The School of Music presents a guest-artist series for fall 2021 that offers an array of prestigious ensembles and acclaimed soloists whose work ranges from time-honored classics to underrepresented artists throughout history to today’s cutting-edge composers and performers. Guest-artists include Louise Toppin, Sphinx Virtuosi, Verona Quartet and more.
Performances will be held both in person at state-of-the-art Watson Hall and livestreamed for free as part of the new “Live from Watson Hall” series. The guest-artist series complements the previously announced performances by UNCSA student and faculty ensembles.
More information, including tickets and free livestream registration, is available online or by calling the box office at 336-721-1945. Tickets to in-person events are $18 regular and $15 students with valid ID. UNCSA students receive one complimentary ticket; faculty and staff receive two.

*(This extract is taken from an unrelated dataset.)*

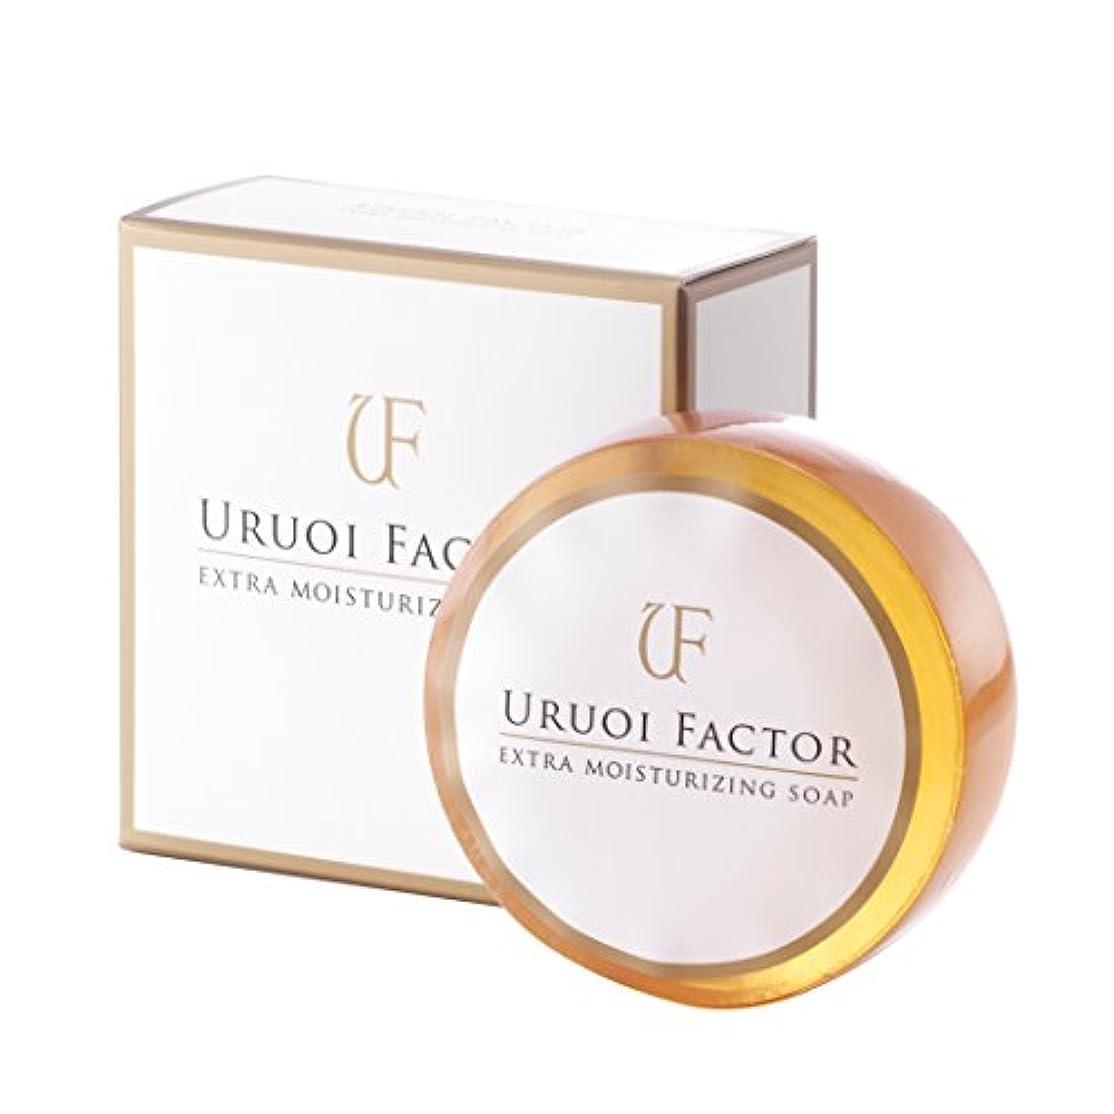 神経インタフェーストチの実の木URUOI FACTOR(うるおいファクター) UFソープ フルボ酸 スクワラン配合 無添加洗顔石鹸(弱アルカリ性) 100g
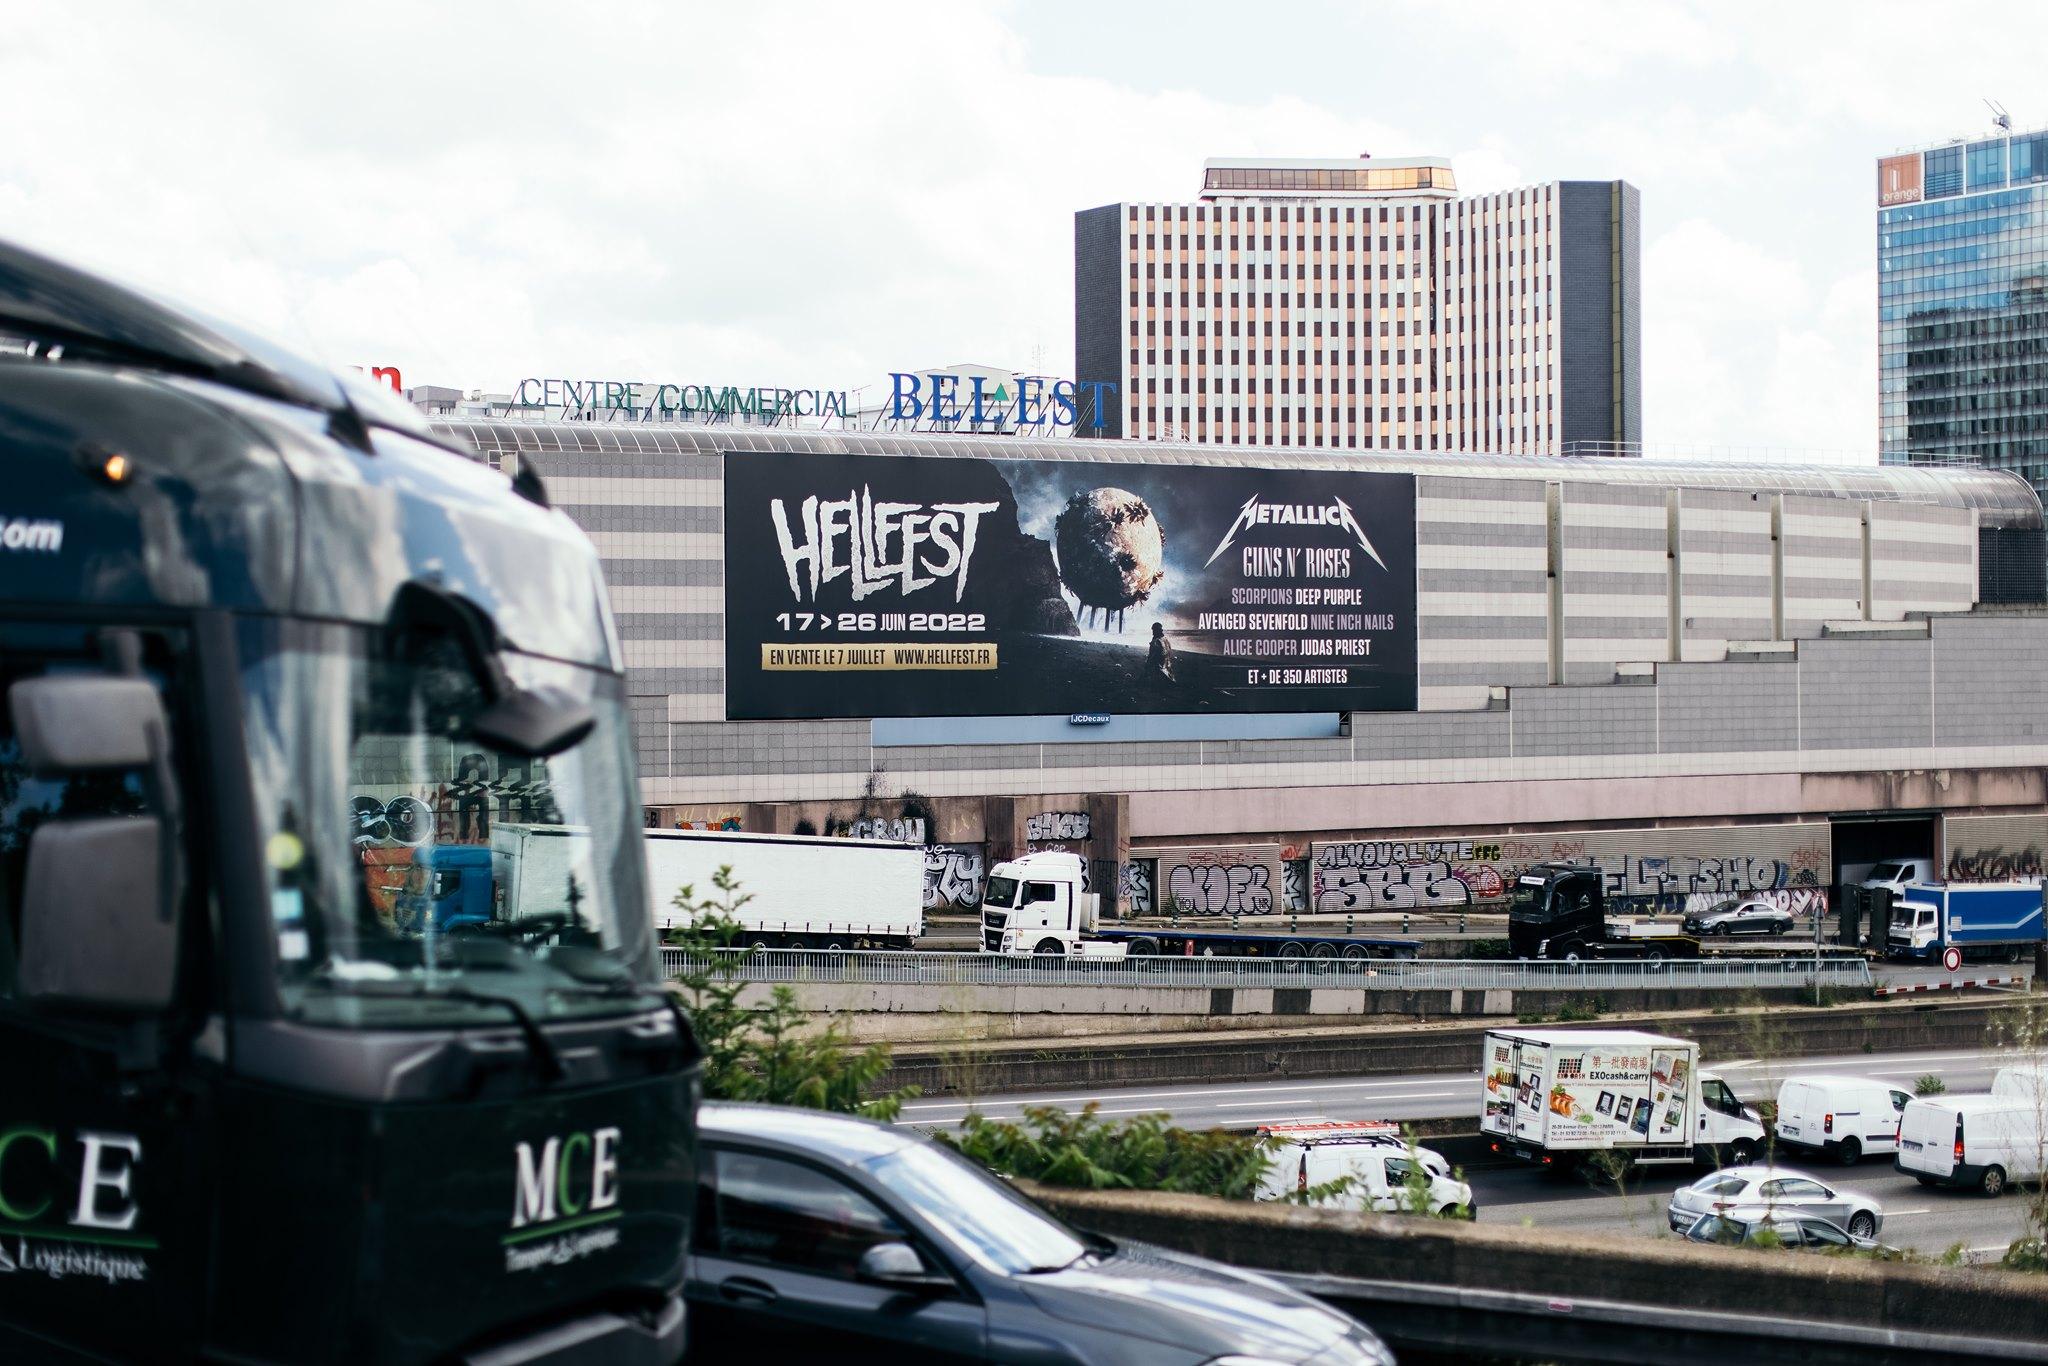 hellfest billboard

Watson Hall will be open at full capacity, and audience members and performers (as practicable) are required to wear masks.
“Our guest-artist series truly offers something for every music lover,” said Saxton Rose, who was named dean of the School of Music in June after a year as interim dean. “It includes a coloratura soprano performing spirituals of the African Diaspora; an award-winning string quartet; and a dynamic professional chamber orchestra composed of some of the nation’s top Black and Latinx classical soloists. “Our new ‘Live from Watson Hall’ series will bring their amazing work to audiences near and far who cannot be with us in person.”
Many of the guest artists will offer master classes or workshops to students during their visits, enhancing the conservatory training by world-class faculty artists in the School of Music. Some groups will also record the works of composition students in the state-of-the-art recording studio in the newly renovated Semans Arts and Administration Building on campus. “We are excited to expose our students to musicians of this caliber who represent the entire mosaic of the music ecosystem,” Rose said. “We continue our long-standing commitment to learn and perform music by artists whose voices have not been heard, and those we’ve heard all our lives. That is the hallmark of a 21st-century music conservatory.”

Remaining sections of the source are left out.